▶ [RAW DATA]:

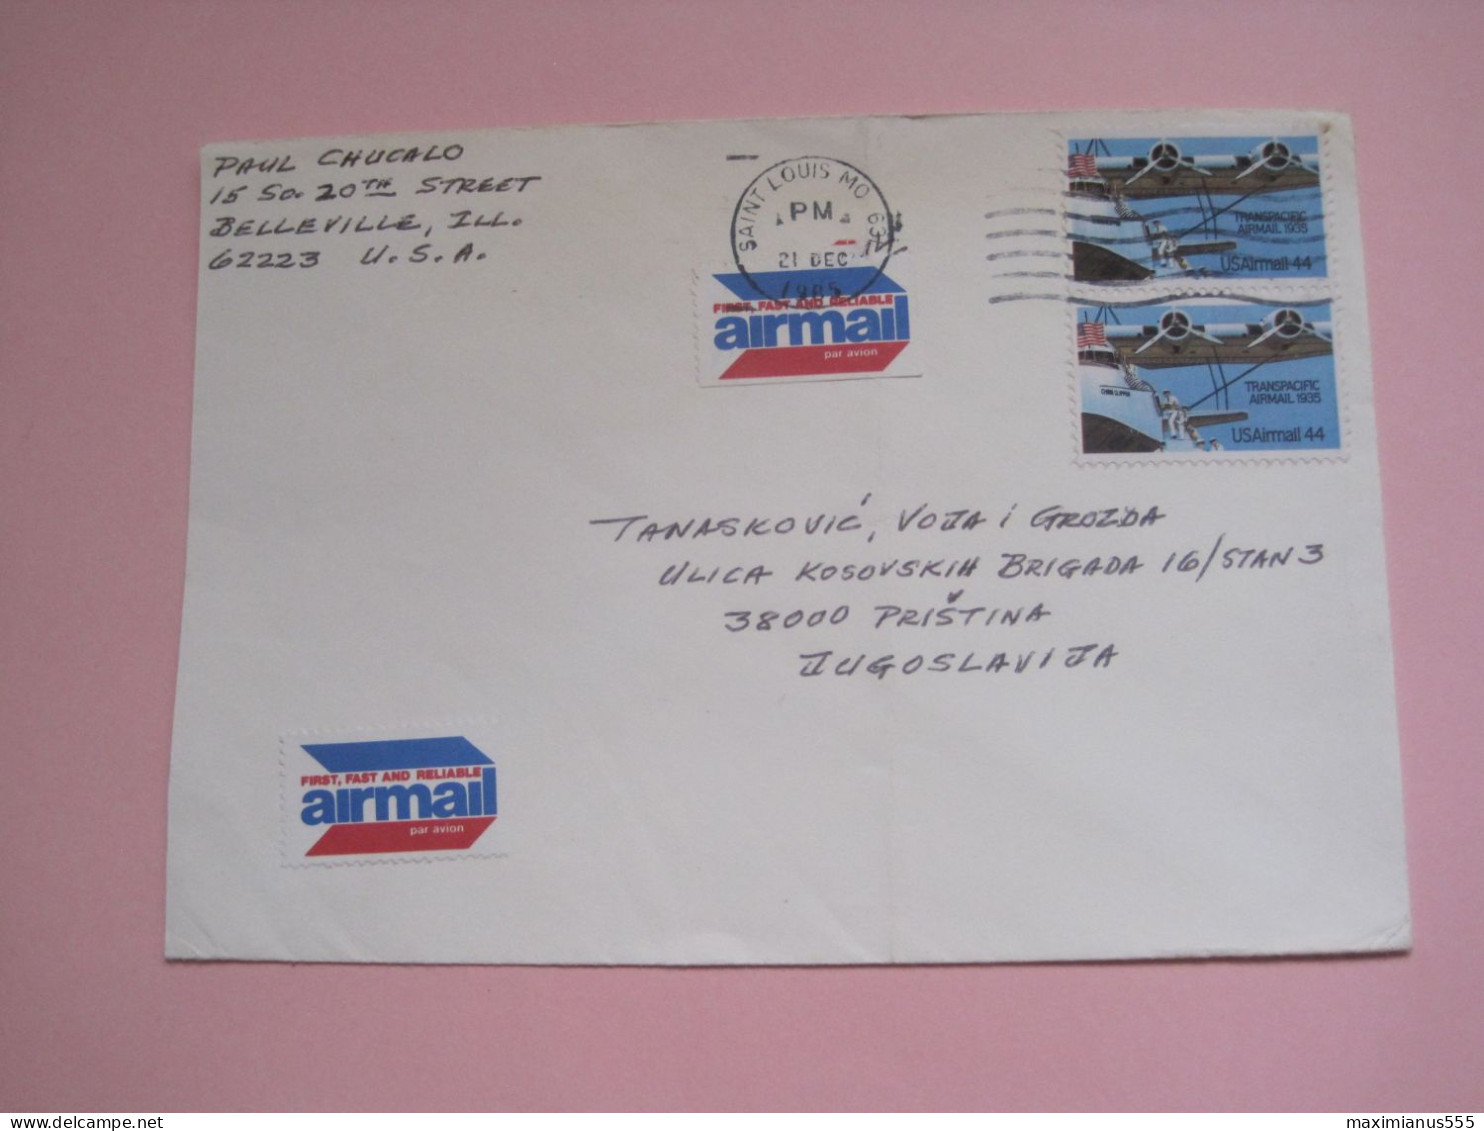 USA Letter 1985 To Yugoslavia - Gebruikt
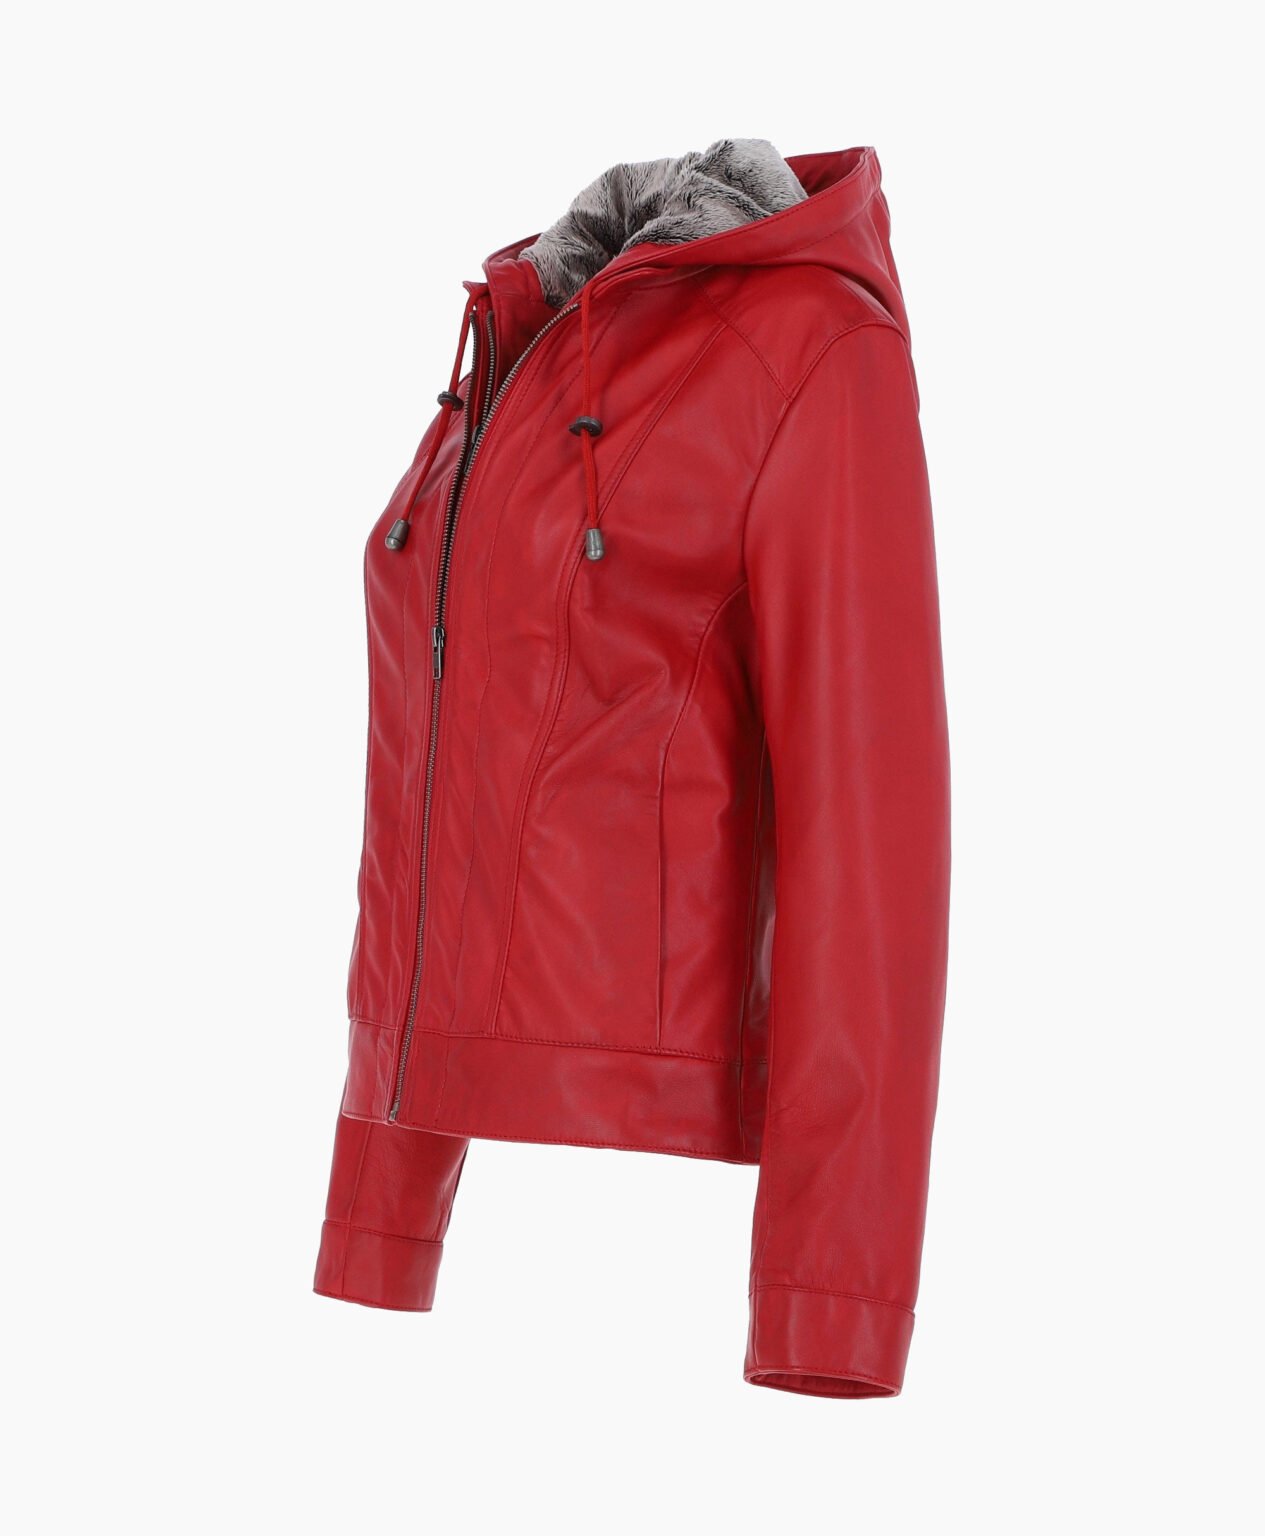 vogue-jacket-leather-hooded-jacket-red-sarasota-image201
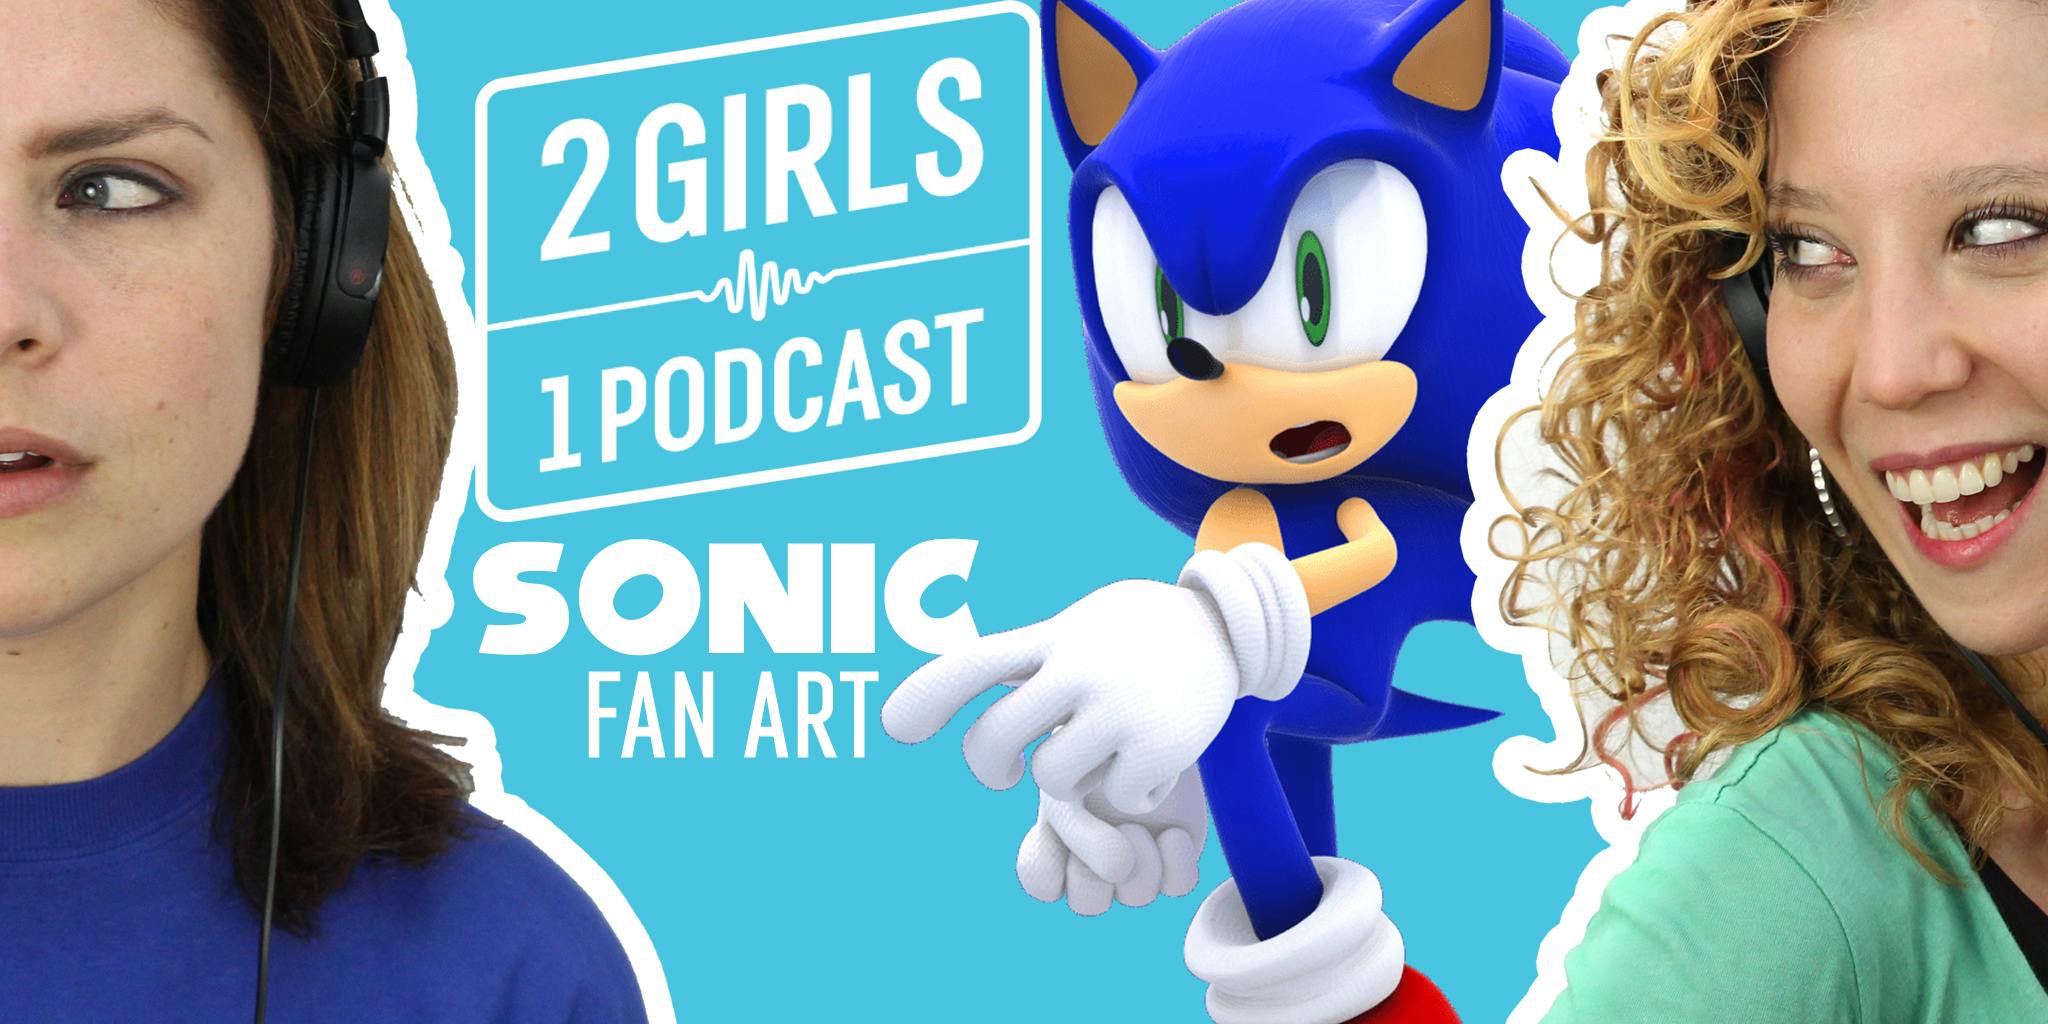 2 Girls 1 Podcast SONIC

▶ [YOUR TASK]:
Make an exact copy of the listing. Do not carry over its pictures.

▶ [ANSWER SECTION]:
 USA Letter 1985 To Yugoslavia - Gebruikt
 vogue-jacket-leather-hooded-jacket-red-sarasota-image201
 2 Girls 1 Podcast SONIC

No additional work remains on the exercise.